NFS seems a p.i.t.a.  I set up FTP effortlessly.  I guess I'll just use that instead.


----------



## SirDice (Nov 6, 2017)

thedude22 said:


> I am trying to set up a media server on my local network to access from another machine running Kodi.  I have successfully created a ZFS pool mounted at /storage on my FreeBSD server.
> 
> I'm trying to export my ZFS pool via NFS to my Kodi box on the local network.  Here is my /etc/zfs/exports file on the server:
> 
> ...



Use /etc/exports, the /etc/zfs/exports file is dynamically generated if use `zfs sharenfs ...` (not recommended). It also contains Linux's export options instead of FreeBSD's exports(5) options.



thedude22 said:


> NFS seems a p.i.t.a. I set up FTP effortlessly. I guess I'll just use that instead.


It's a pain because you're trying Linux options and are using the wrong exports(5) file.


----------



## thedude22 (Nov 6, 2017)

I already tried using /etc/exports and I'm now using that file again, but it still refuses to mount on my laptop.  It says something like access denied by the server.  The only reason I was using /etc/zfs/exports is because /etc/exports wasn't working in the first place.  I managed to get NFS running on Linux before switching over but I remember it being a chore there also. 

What are the linux options you are referring to?  You mean the stuff in parentheses?  I think I tried originally without any options there and I still couldn't mount it.  I'll try again when I get home.  I do recall that kodi would not see the shares from my Linux server at all without the insecure option.  I don't even know what it does to be honest. 

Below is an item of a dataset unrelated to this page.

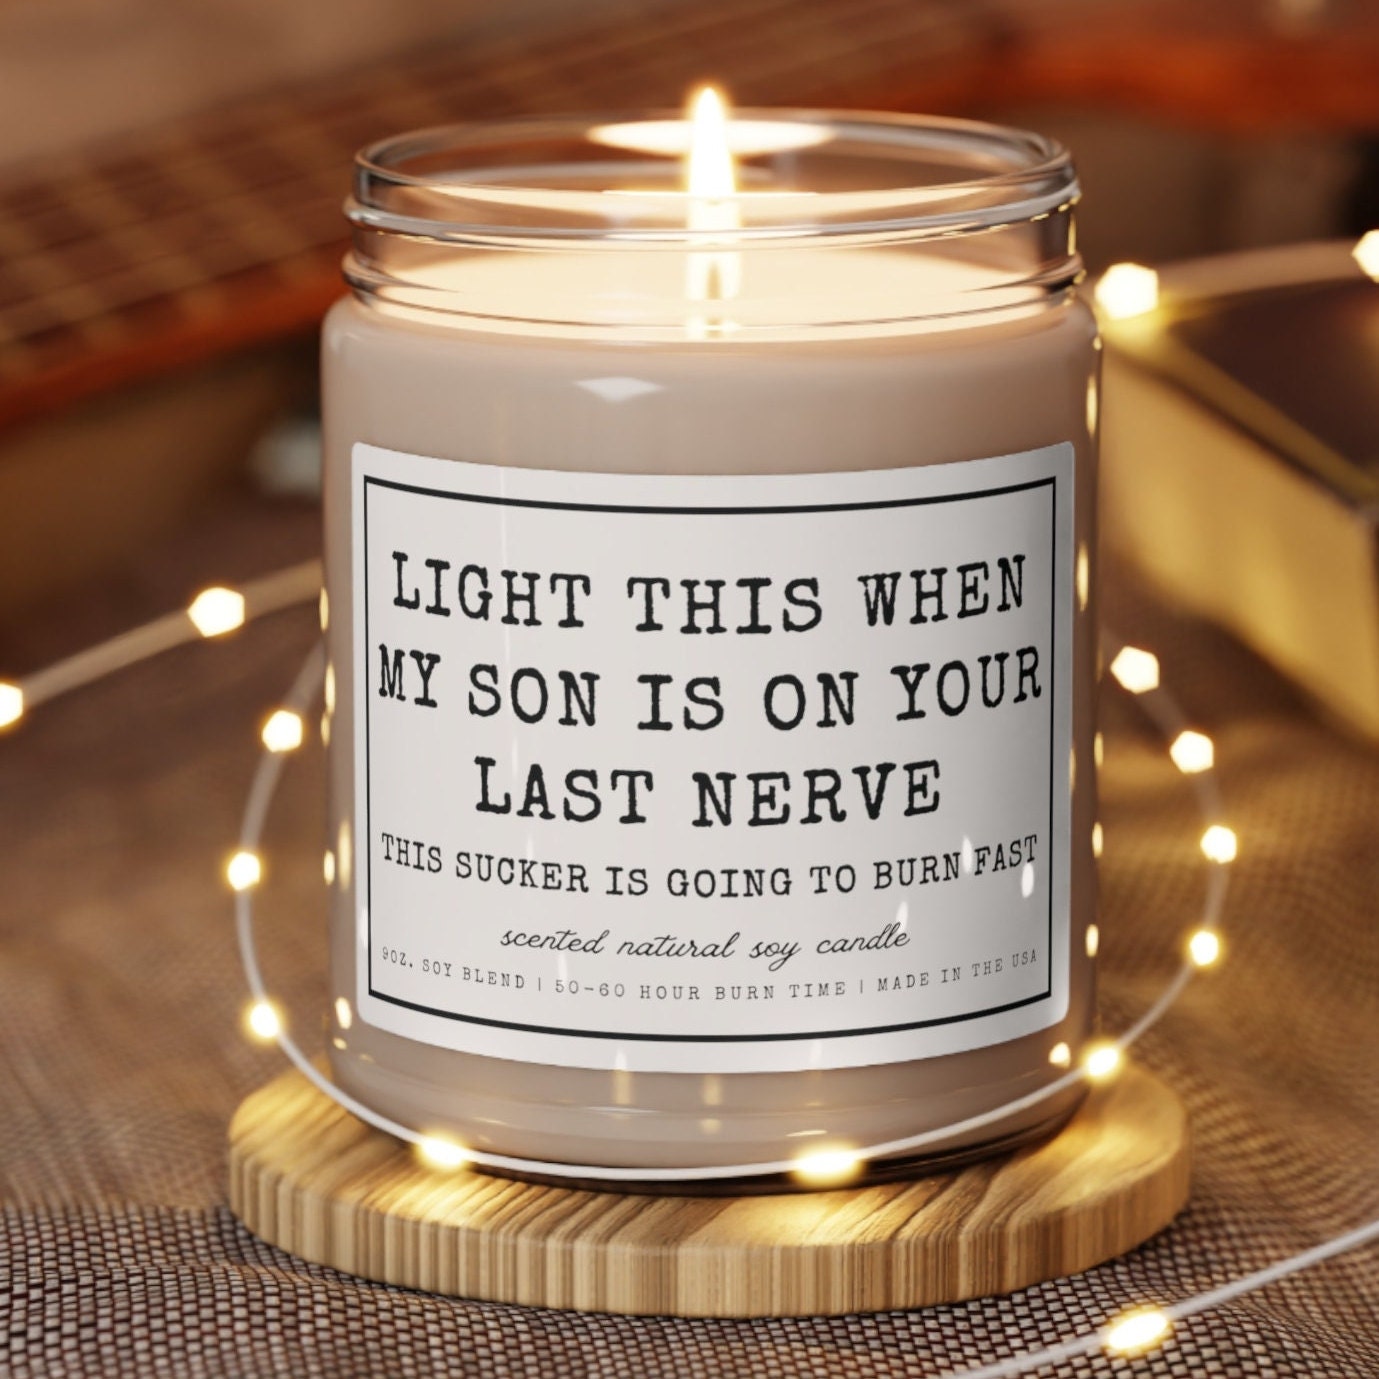 Funny Gift for First Time Parents - 'Good Till' Scented Candle for New Moms  - Unique After Birth Presents for Mom Dad ; Humorous Postpartum Gag Gifts
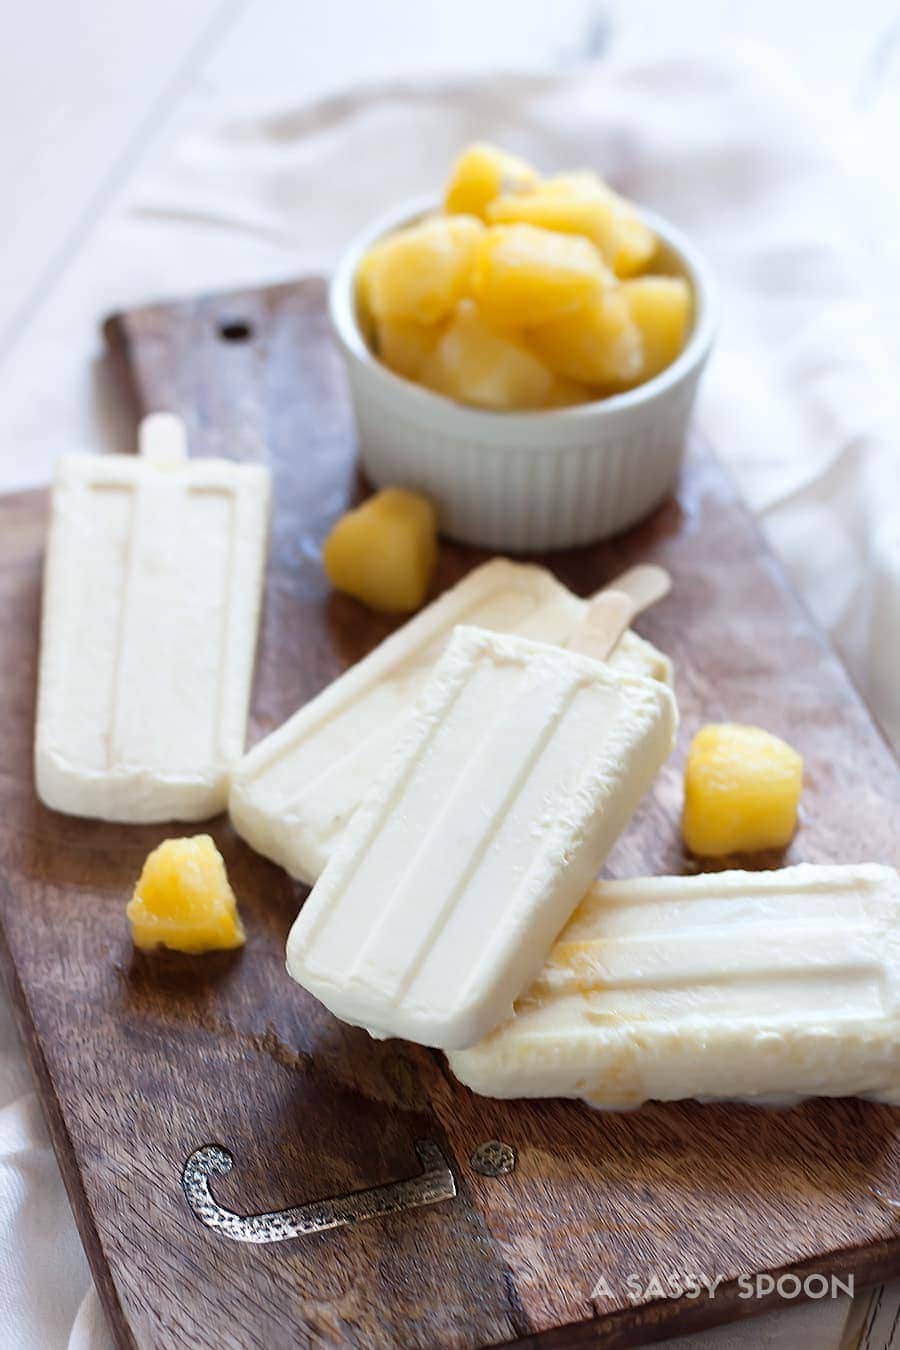 Pretend like it's Summer all year long with these easy to make creamy piña colada popsicles made with just 5 ingredients!

The only reason I'm really considering it instead of ftp, which was trivial to set up, is because I have heard NFS is generally faster which may become relevant for high bitrate media, e.g. 4k video files.  At the moment I don't even have a 4k display so I'm not too worried about it. 

Thanks for your response.


----------



## SirDice (Nov 6, 2017)

After reloading NFS check /var/log/messages, if you make mistakes the reason why it's not working will be logged there. Also don't forget to reload nfsd(8) and mountd(8) after changing the /etc/exports. Then check if the export is successful: `showmount -e`.


----------



## thedude22 (Nov 6, 2017)

Ok now we're getting somewhere.

One option should be -maproot not -rootmap.  I'm not sure where I got that from.
It also doesn't like using the asterisk to export to the whole subnet.

I didn't know about showmount or messages.  Thanks for the tips.
Yes I made a very big mess of my exports file.  I really should spend more time reading the man pages and the documentation.  I know I shouldn't just go running to the forums with every problem I run across but I just feel like I never have enough time.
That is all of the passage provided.